> **YOUR TASK**: Reproduce all of the data below without alteration; exclude every picture.

> **SUPPLIED MATERIAL**:
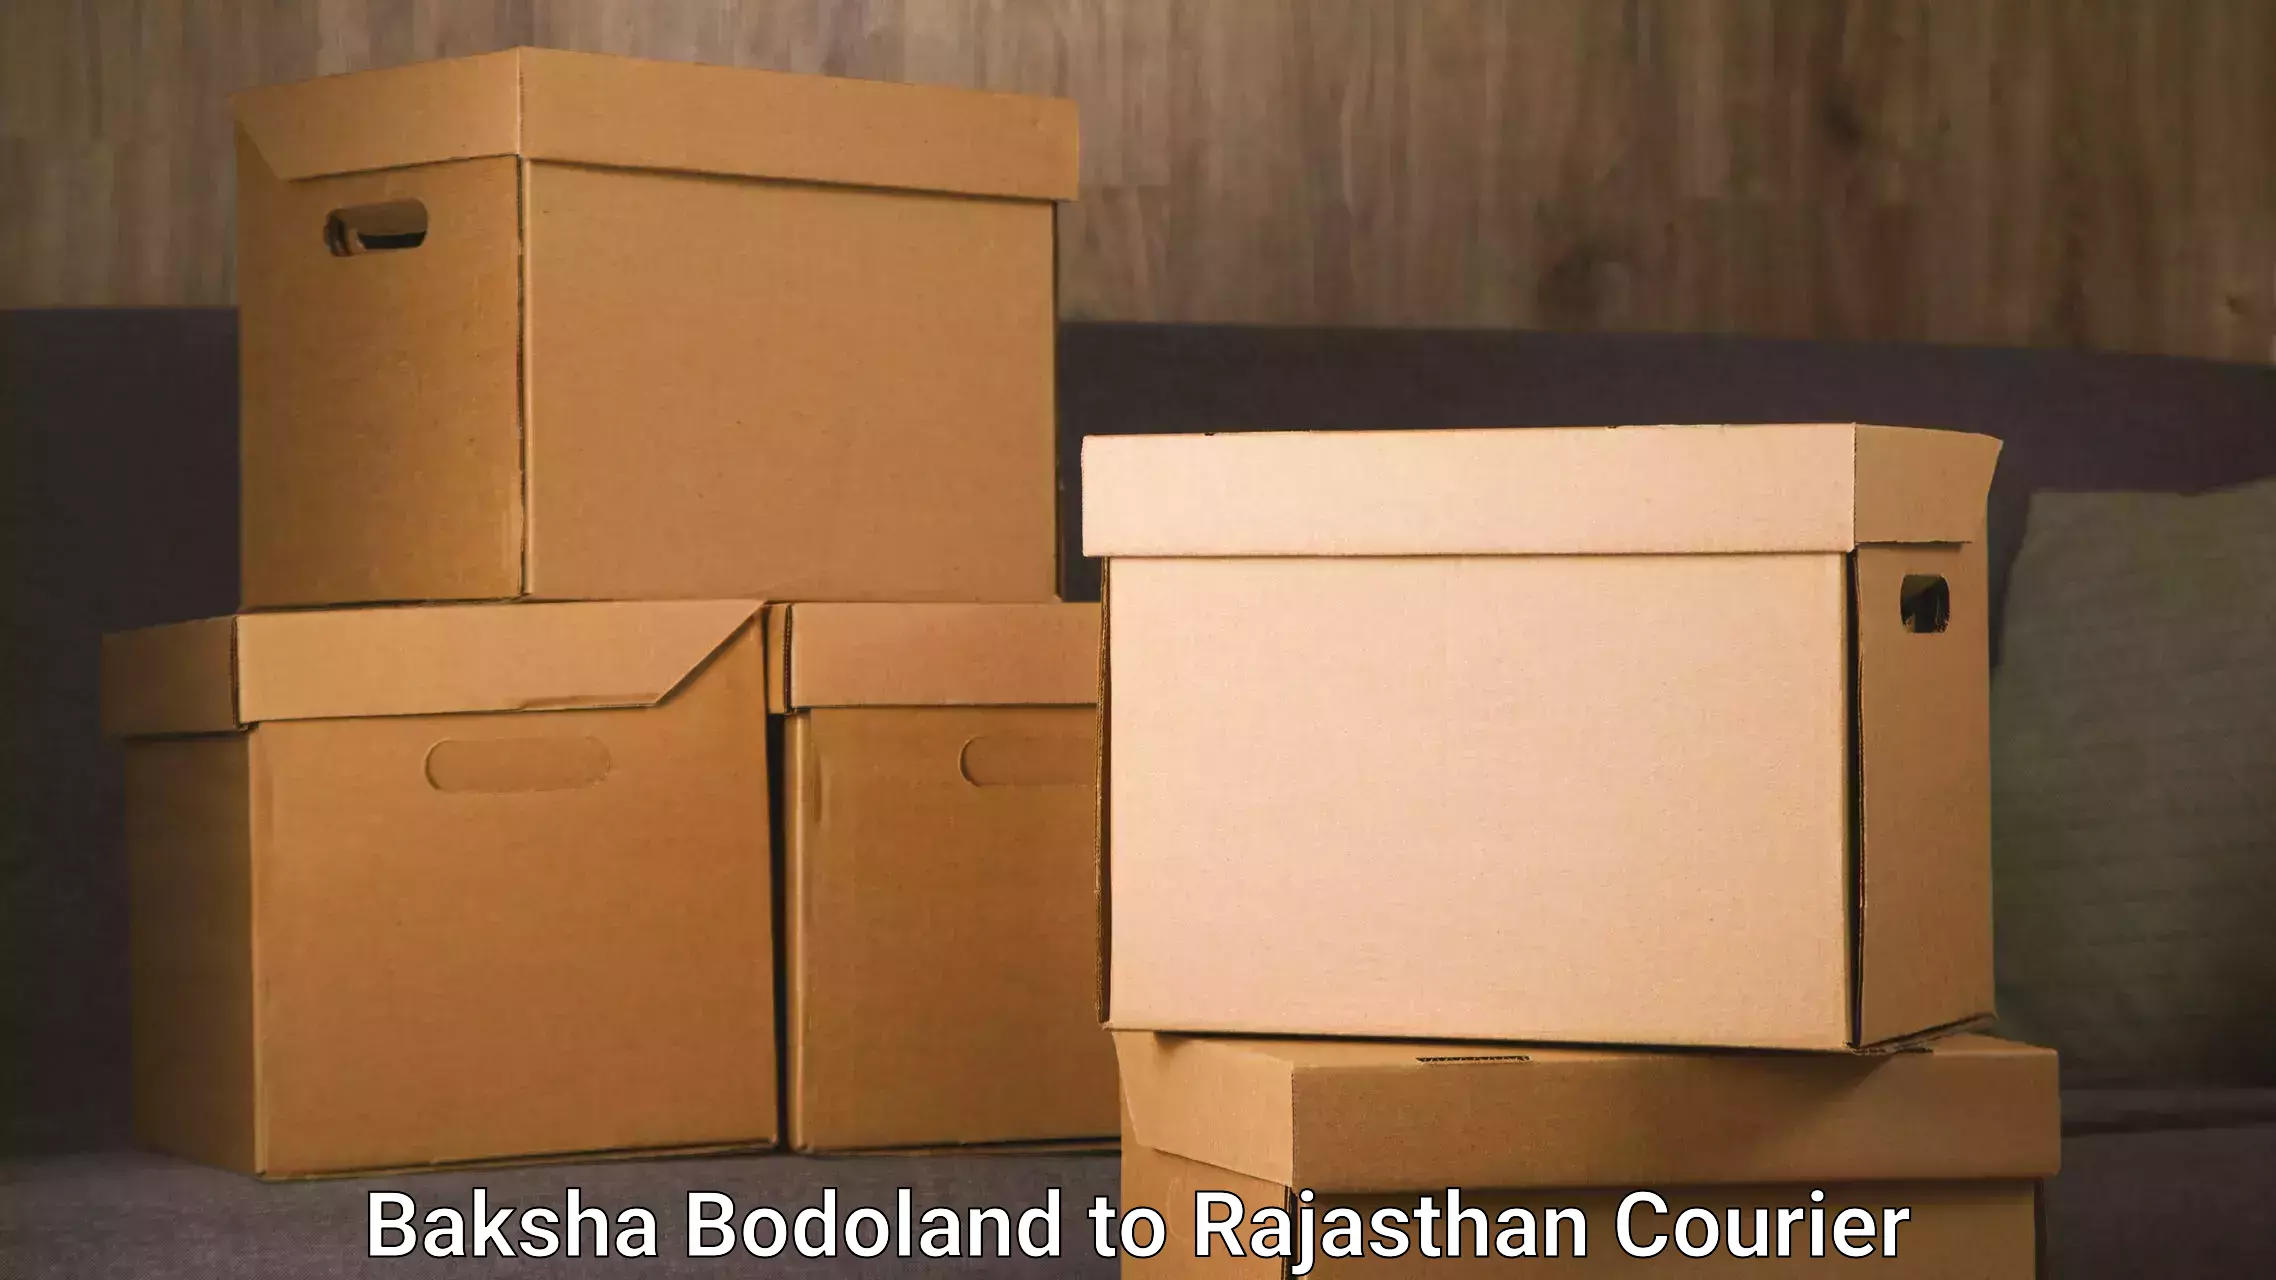 Courier service comparison Baksha Bodoland to Tonk
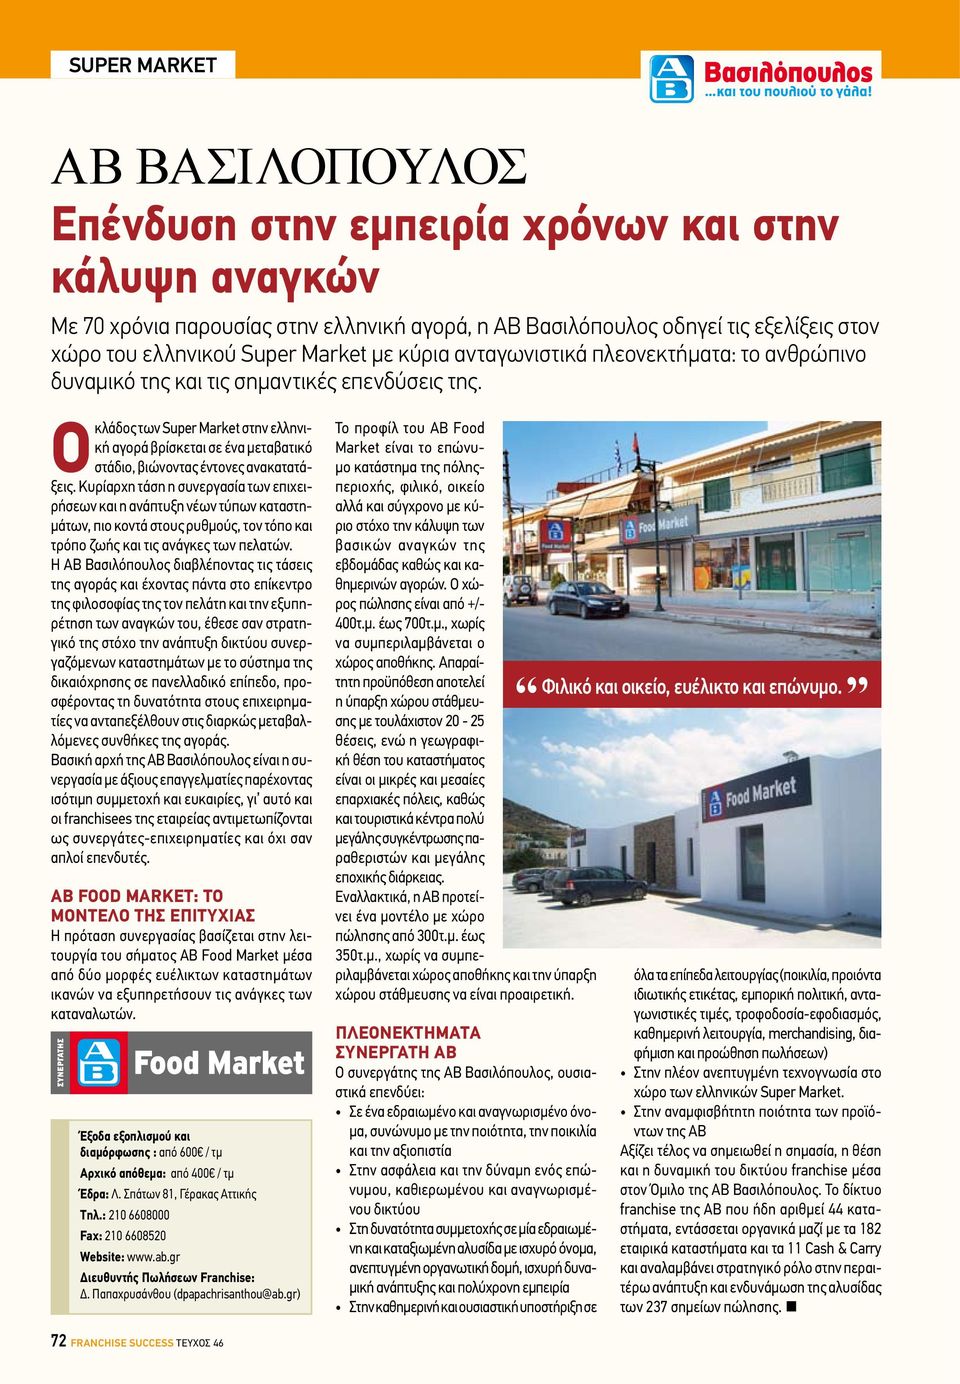 Ο κλάδος των Super Market στην ελληνική αγορά βρίσκεται σε ένα μεταβατικό στάδιο, βιώνοντας έντονες ανακατατάξεις.
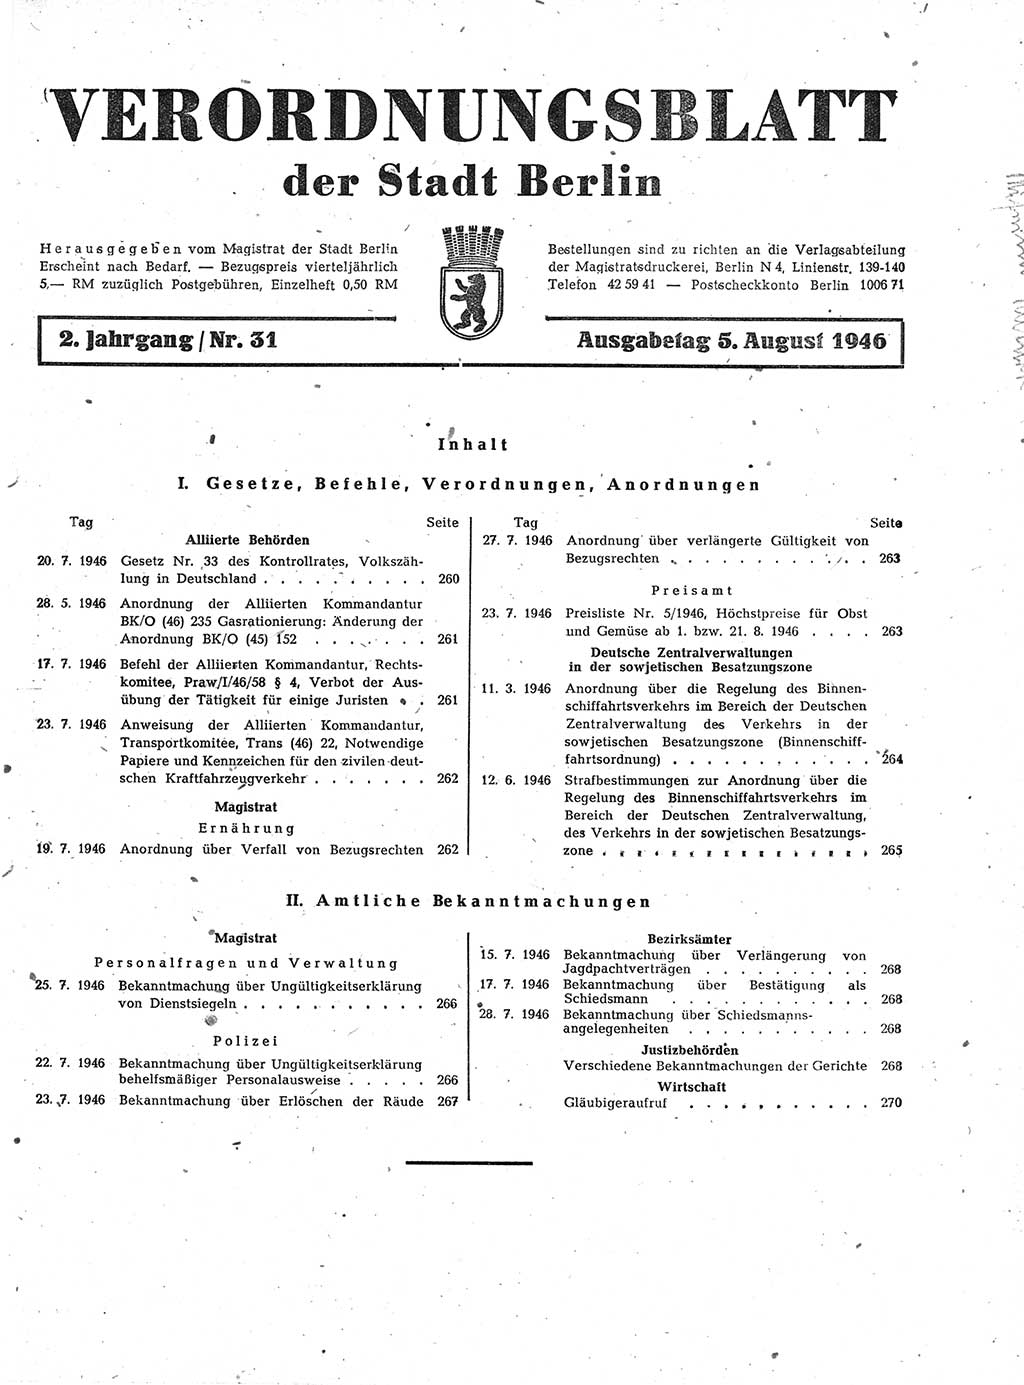 Verordnungsblatt (VOBl.) der Stadt Berlin, für Groß-Berlin 1946, Seite 259 (VOBl. Bln. 1946, S. 259)
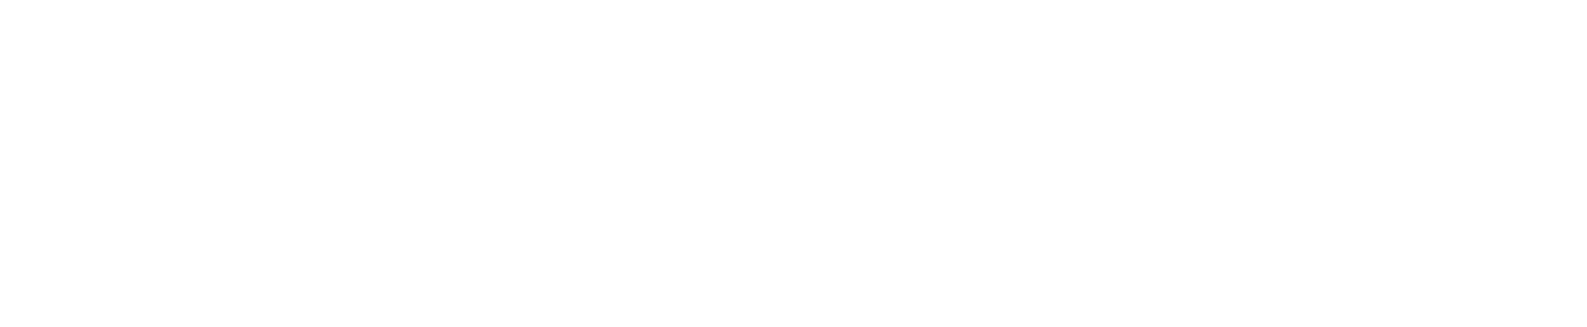 National Grid logo grand pour les fonds sombres (PNG transparent)

> **RESPONSE TO THE TASK**:
 Courier service comparison Baksha Bodoland to Tonk
 Ο κλάδος των Super Market στην ελληνική αγορά βρίσκεται σε ένα μεταβατικό στάδιο, βιώνοντας έντονες ανακατατάξεις.
 Verordnungsblatt (VOBl.) der Stadt Berlin, für Groß-Berlin 1946, Seite 259 (VOBl. Bln. 1946, S. 259)
 National Grid logo grand pour les fonds sombres (PNG transparent)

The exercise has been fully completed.